When I tell people that I am an editor, the comment that often follows is, "Oh, so you read all day." And I think how lovely it would be to have a job where I was paid to "read all day." It's true, though: the job requires a fair bit of reading. One of the things I spend quite a bit of time reading is manuscript proposals. The publishing house I work for is one of the few that will still accept and respond to unsolicited manuscripts, that is, manuscripts that people just send, either by regular mail or electronically.

On a regular basis, I also review proposals that writers submit to writing services like Christian Manuscript Submissions and Writers Edge. An author pays a fee, and his or her proposal is either posted to a Web site or sent to us in a monthly newsletter. These are both Christian writers' services, so publishing houses like ours, Kregel, Baker, and others subscribe to the service. It's a good way for an author to get his or her manuscript exposed to many publishers without a huge effort.

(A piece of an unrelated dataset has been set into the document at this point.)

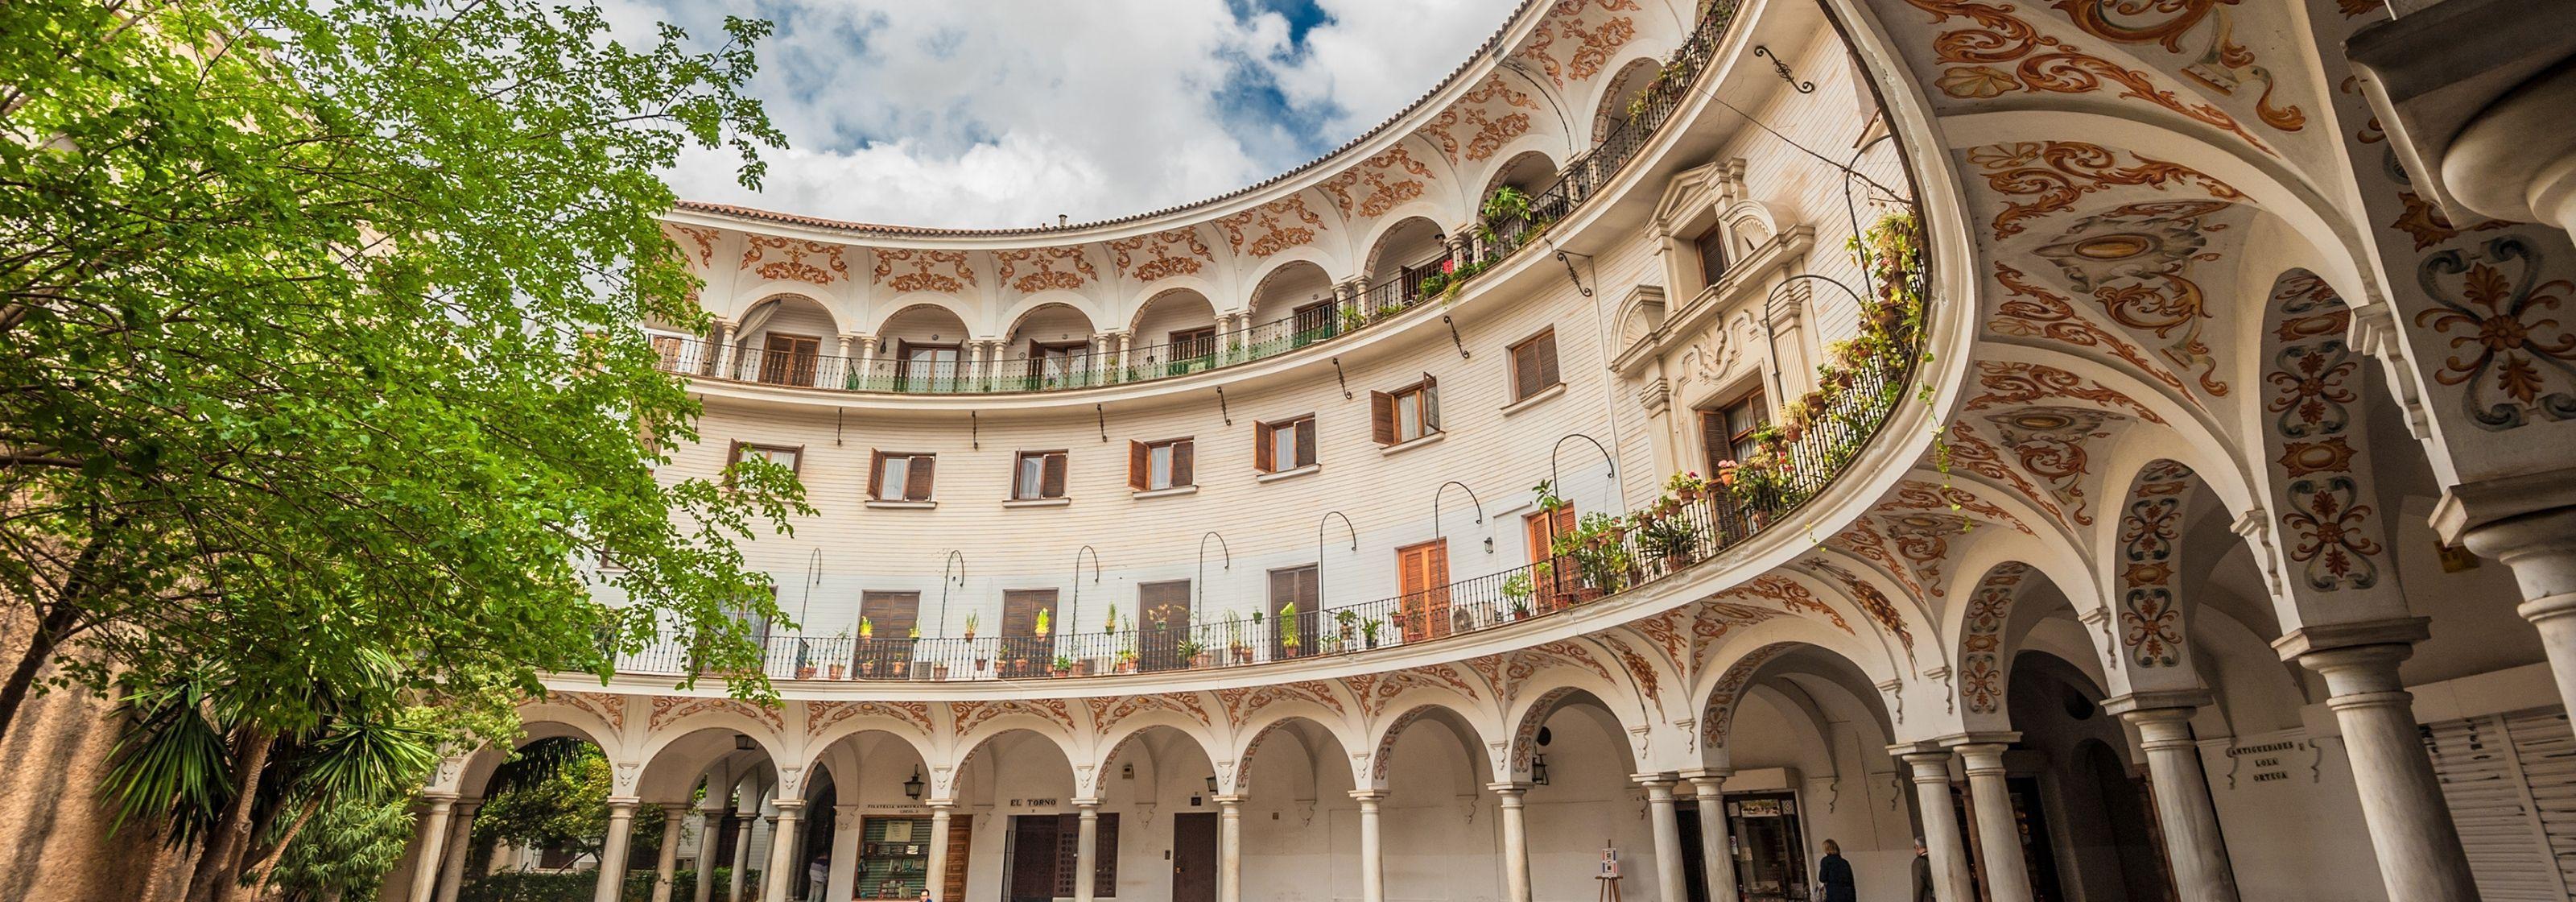 Choses à faire à Séville

It's rare to actually find a proposal that makes it past me for further consideration. Because we're so small and publish only about twelve new books a year, we're pretty picky about what we'll consider. I keep a record of my responses to author proposals, and for the past couple of years I've probably sent out about two hundred rejection letters, which makes me the crusher of many writers' dreams.

After doing this task for a little more than four years, I have found that I can usually tell whether something is of interest for us or not within a few lines or paragraphs. There are some definite tell-tale signs that can eliminate a manuscript very quickly. Here are some of the most common:

1. Don't tell me that your manuscript was inspired by God or that you received it from the Holy Spirit.

2. Don't tell me that there are no other books in the whole world like yours or that no one else has ever written on this subject.

3. Don't tell me your book is like Purpose Driven Life, Velvet Elvis, or Blue Like Jazz . One Rick Warren, Rob Bell, or Donald Miller is definitely enough for the publishing world.

4. Don't send me a handwritten proposal on lined notebook paper.

5. Don't misspell a word in your title. (I truly got one of these today.)

While it's a thankless job--writing to people to tell them that we "decline interest in their book"--somebody has to do it. And every once in a great while, I actually discover a good author, which makes the responsibility a lot more interesting.